Yen rises on risk aversion, dollar advances
NEW YORK (Reuters) - The yen rose broadly on Tuesday by falling global stock markets, making clear progress in risk aversion as investors headed into the Japanese currency, lower performance and considered safer.
The risk appetite has been driven by an employment report better than expected in the United States on Friday that knocked the yen to its lowest in two weeks against the euro and the dollar.
But the drop in world stock markets on Tuesday led to a change in direction of the yen, while the dollar was supported after China said it was committed to buying U.S. Treasuries.
"The combination of today's transactions of risk aversion and repatriation of yen have been key drivers in the last 12 hours," said Camilla Sutton, currency strategist at Scotia Capital.
Traders said Japanese exporters were actively buying the yen market and was likely an increase in demand for Japan's currency near the end of the fiscal year in Japan on March 31.

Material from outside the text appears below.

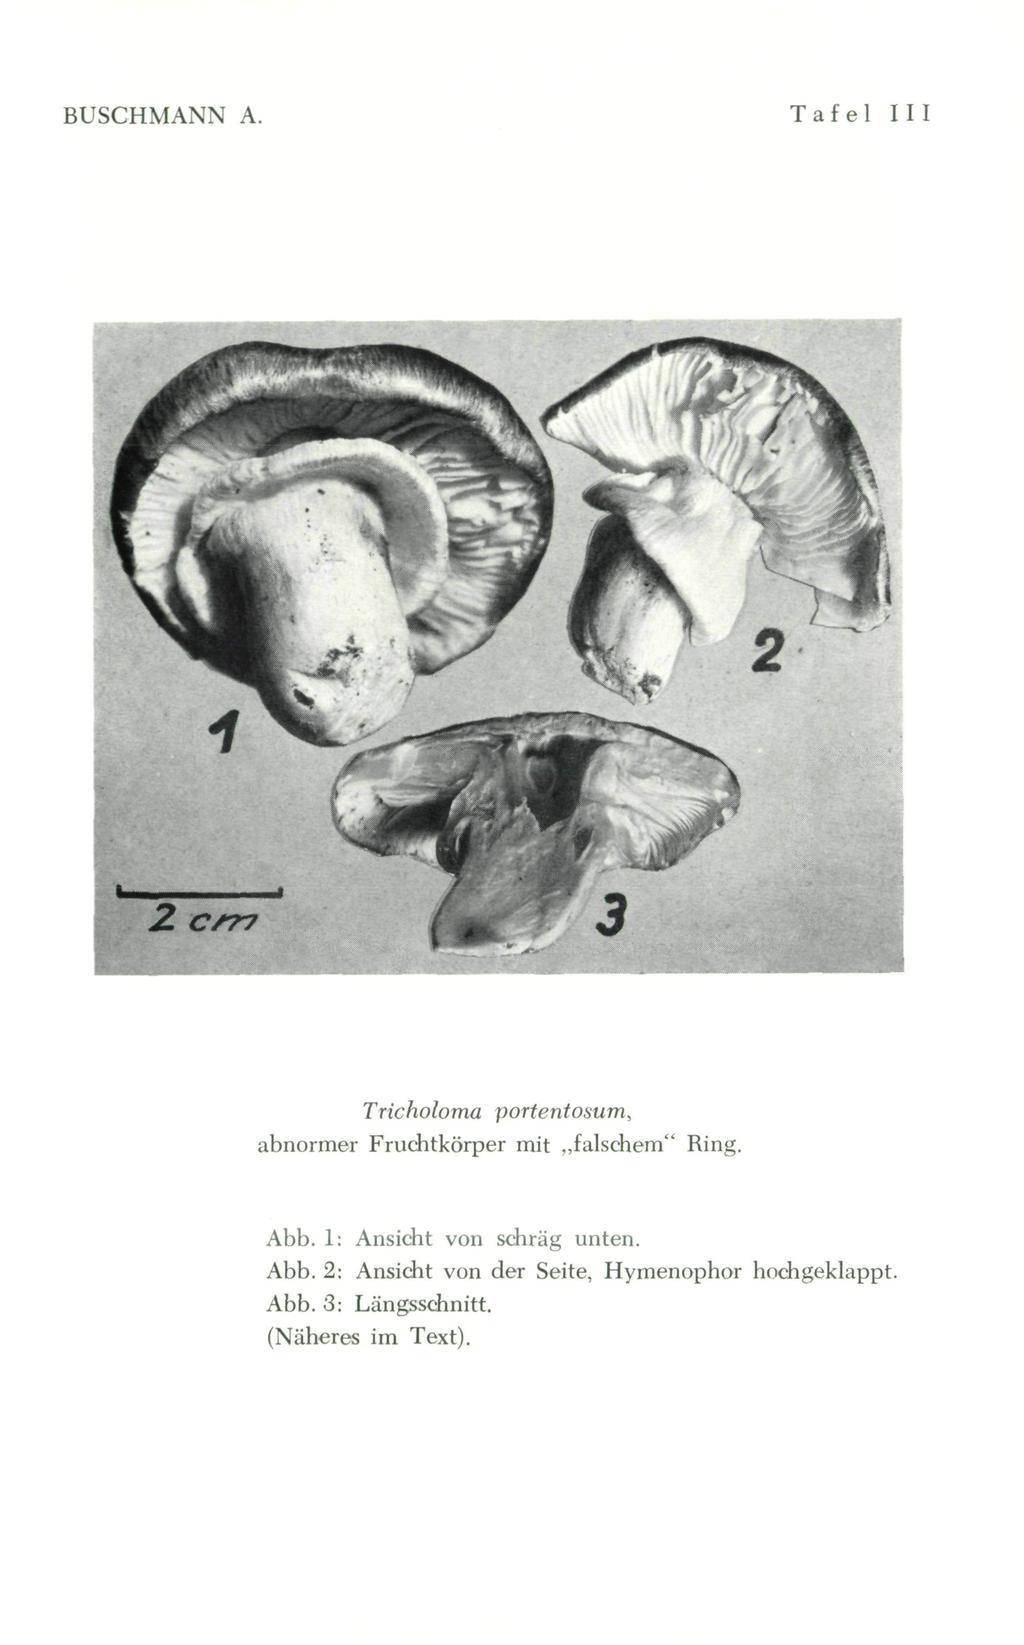 BUSCHMANN A. Tafel III Tricholoma portentosum, abnormer Fruchtkörper mit falschem" Ring. Abb.
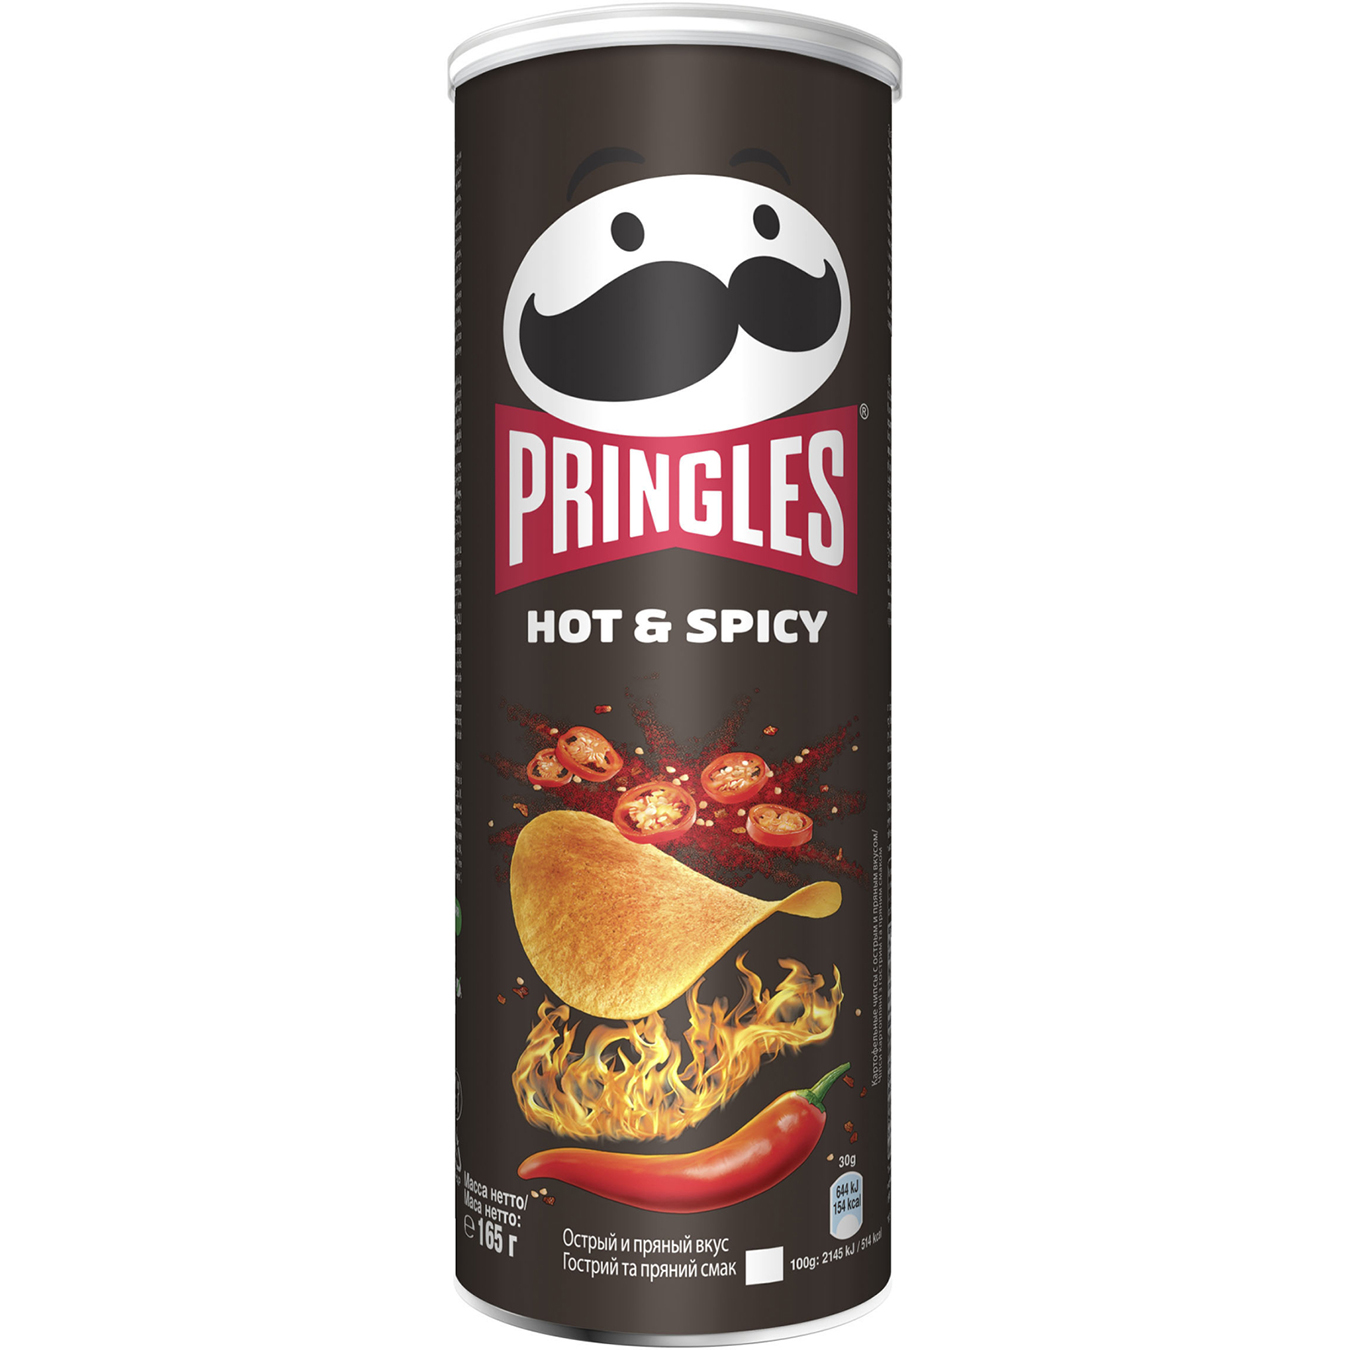 Pringles hot spicy potato chips 165g

"The feeling is we're starting to see repatriation flows to Japan at the end of the fiscal year. I think the yen will remain positive in the coming weeks as Japanese companies bring money back home," said currency strategist at RBC Adam Cole.
However, further gains for the yen may be limited by speculation that the Bank of Japan take further steps to ease monetary policy.
In early trading in New York market, the dollar / yen was trading down 0.6 percent at 89.70 yen.
The yen rose 0.9 percent against the Canadian dollar, 1.2 percent against the Swiss franc, 1.2 percent against the euro and 1.4 percent against the pound sterling.
Meanwhile, the dollar index, a calculation on the performance of the greenback against a basket of major currencies, rose 0.5 percent to 80.814.
China, which has the largest currency reserves in the world, on Tuesday renewed its commitment to the U.S. Treasury market.
The head of China's monetary regulation, Yi Gang said the country would attract more capital flows this year, partly reflecting expectations for a stronger yuan, stressing that "the U.S. Treasury market is important to us."
China's comments "should provide the dollar more support in the near future," said Sutton.
The pound was under strong pressure, coming down to a one-week low against the dollar after the credit rating agency Fitch said the British credit profile has deteriorated.
Against the dollar, the pound was off nearly 0.8 percent to $ 1.4943.
The euro fell nearly 0.6 percent against the dollar at $ 1.3545, with continued concerns about the payment of debt in some euro zone countries such as Greece and Portugal.
Fitch Ratings said Tuesday it still had a negative outlook on the rating of "AA" in Portugal and studied the details of the new austerity plan announced on Monday in Lisbon.
Greece has been a heavy burden for the euro in 2010, and the single currency has lost 5.4 percent against the dollar so far this year and 8.6 percent against the yen.